И Максим больше не спорил Умирать, так уж среди своих.
А как это «умирать»? Наверно, погрузиться вот в такую же тьму, как за окном? И ничего не чувствовать, ничего не думать? Или… все же есть другие миры, куда после смерти уходит душа?
Он и раньше думал про такое, но так, между делом, без большой боязни. А теперь э т о подошло вплотную. И Максима тряхнула сильная дрожь. Кто-то подошел сзади, накинул на него палатку. Наверно, решили, что мальчишка дрожит от ветра. А ветер-то был теплый!
А палатка была легкая, офицерская, из плотной, но очень легкой шелковистой ткани. Еще в походе Максим думал не раз: «Вырезать бы из ткани кусок, натянуть на длинные скрещенные распорки…»
Вырезать… Натянуть…
— Господин барон! Подойдите, пожалуйста! Я хочу что-то сказать… — Сам он не решился оставить пост у окна, да и нога опять болела.

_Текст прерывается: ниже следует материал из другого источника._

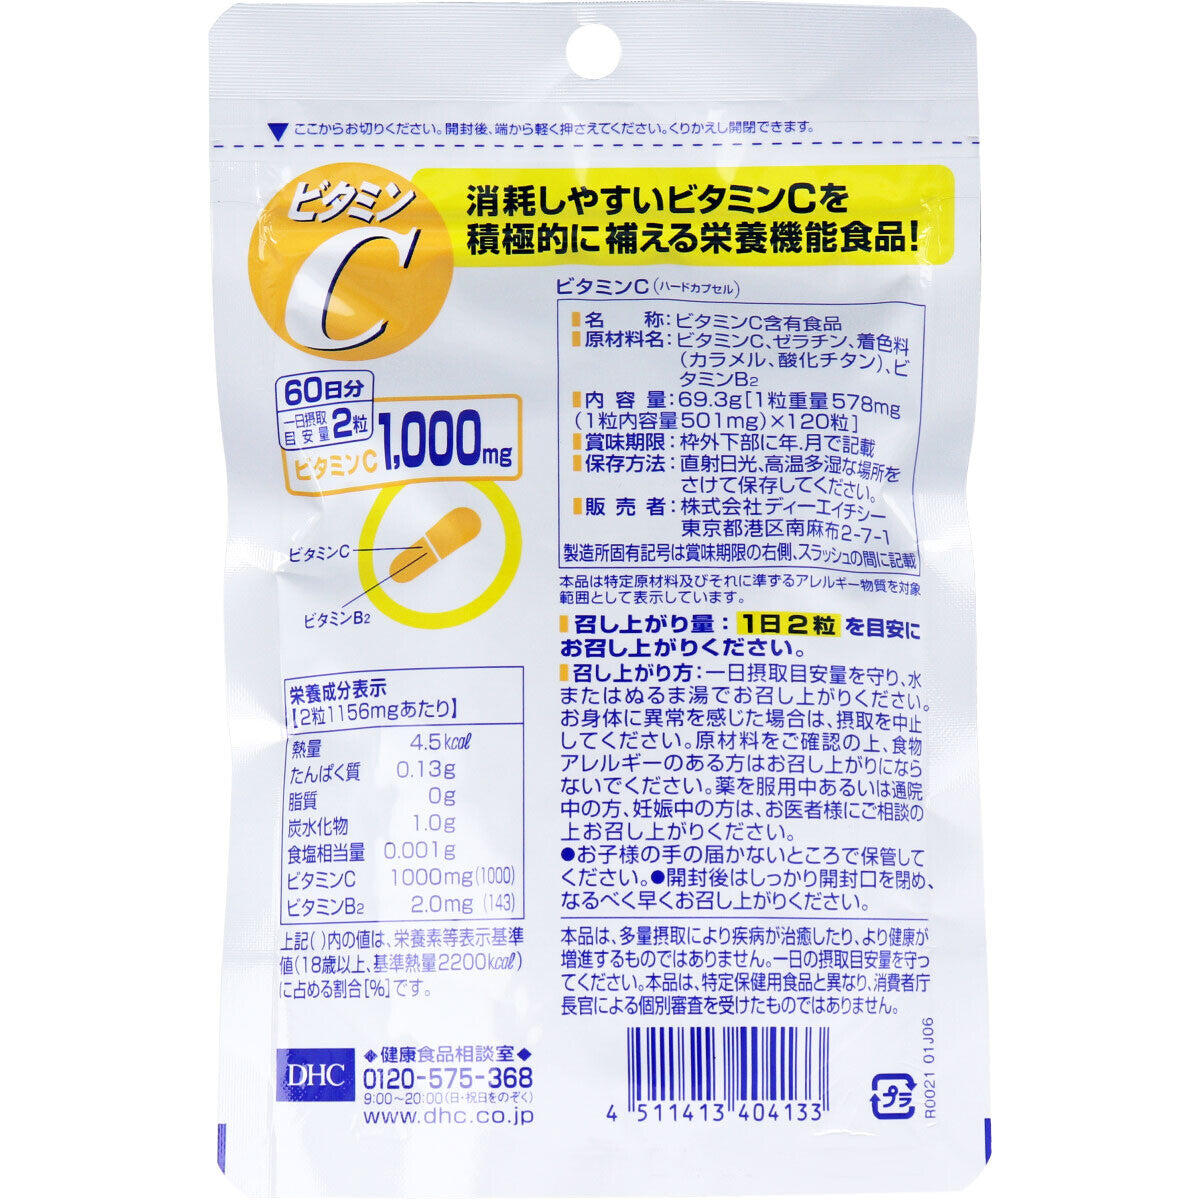 DHC Vitamin C - (60 วัน) วิตามินซี  เพื่อผิวขาวใส และบำรุงร่างกาย  (120แคปซูล)

— Что, Максим? — Реад склонился над мальчиком.
— Господин барон, я хочу признаться. За что меня чуть не выгнали из гимназии. Мы с мальчиками сделали из простыней и реек большой змей, и я поднялся на нем в воздух. И пролетел сотню саженей…
4
Согласились, конечно, не сразу. Сперва Реад сказал, что это безумие. Даже если Максим и взлетит, то разобьется наверняка.
— Не разобьюсь! Ну… не наверняка! По крайней мере, это шанс! Все равно мы все… на краю…
— А ведь мальчик прав, — заметил рассудительный Тай-Муш. — Это действительно шанс уцелеть. Пусть спасется хотя бы он…
— Да вы что! — заполыхал возмущением Максим. — Вы думаете, я это для себя? Я шнуром от змея перетяну на тот берег канат. Здесь есть в кладовке несколько мотков, я видел!.. Я его привяжу там, и вы по канату — за мной! Если пристегнетесь поясами, можно переправиться, вода не сорвет…
— А если вы разобьетесь, как мы посмотрим в глаза людям? — запальчиво сказал корнет Гарский.
— Тогда вы никому не посмотрите, — жестко напомнил Максим. — Все ляжете здесь.
Как бывает в самых решительных случаях, проголосовали. Все — и офицеры, и унтеры. Все были за полет. Потому что, возможно, это как раз то чудо, на которое теплилась надежда.
…В кладовой с брошеным рыбацким хозяйством нашлось все, что нужно. Легкие бамбуковые шесты для сетей, клубки тонкого прочного шнура (из таких вяжут неводы), две бухты пенькового троса в дюйм толщиной. Нашлись даже маленькие кольца непонятного назначения. Их можно было надеть для канат для скольжения — и уже к ним пристегнуться ремнями.
Завесили палатками окна, засветили два фонаря, начали вязать каркас, похожий на трехметровую букву Х с перекладиной. Натянули прямоугольник палаточной ткани. Надо было бы для прочности подшить края, да некогда. Ладно, для короткого перелета сойдет и так…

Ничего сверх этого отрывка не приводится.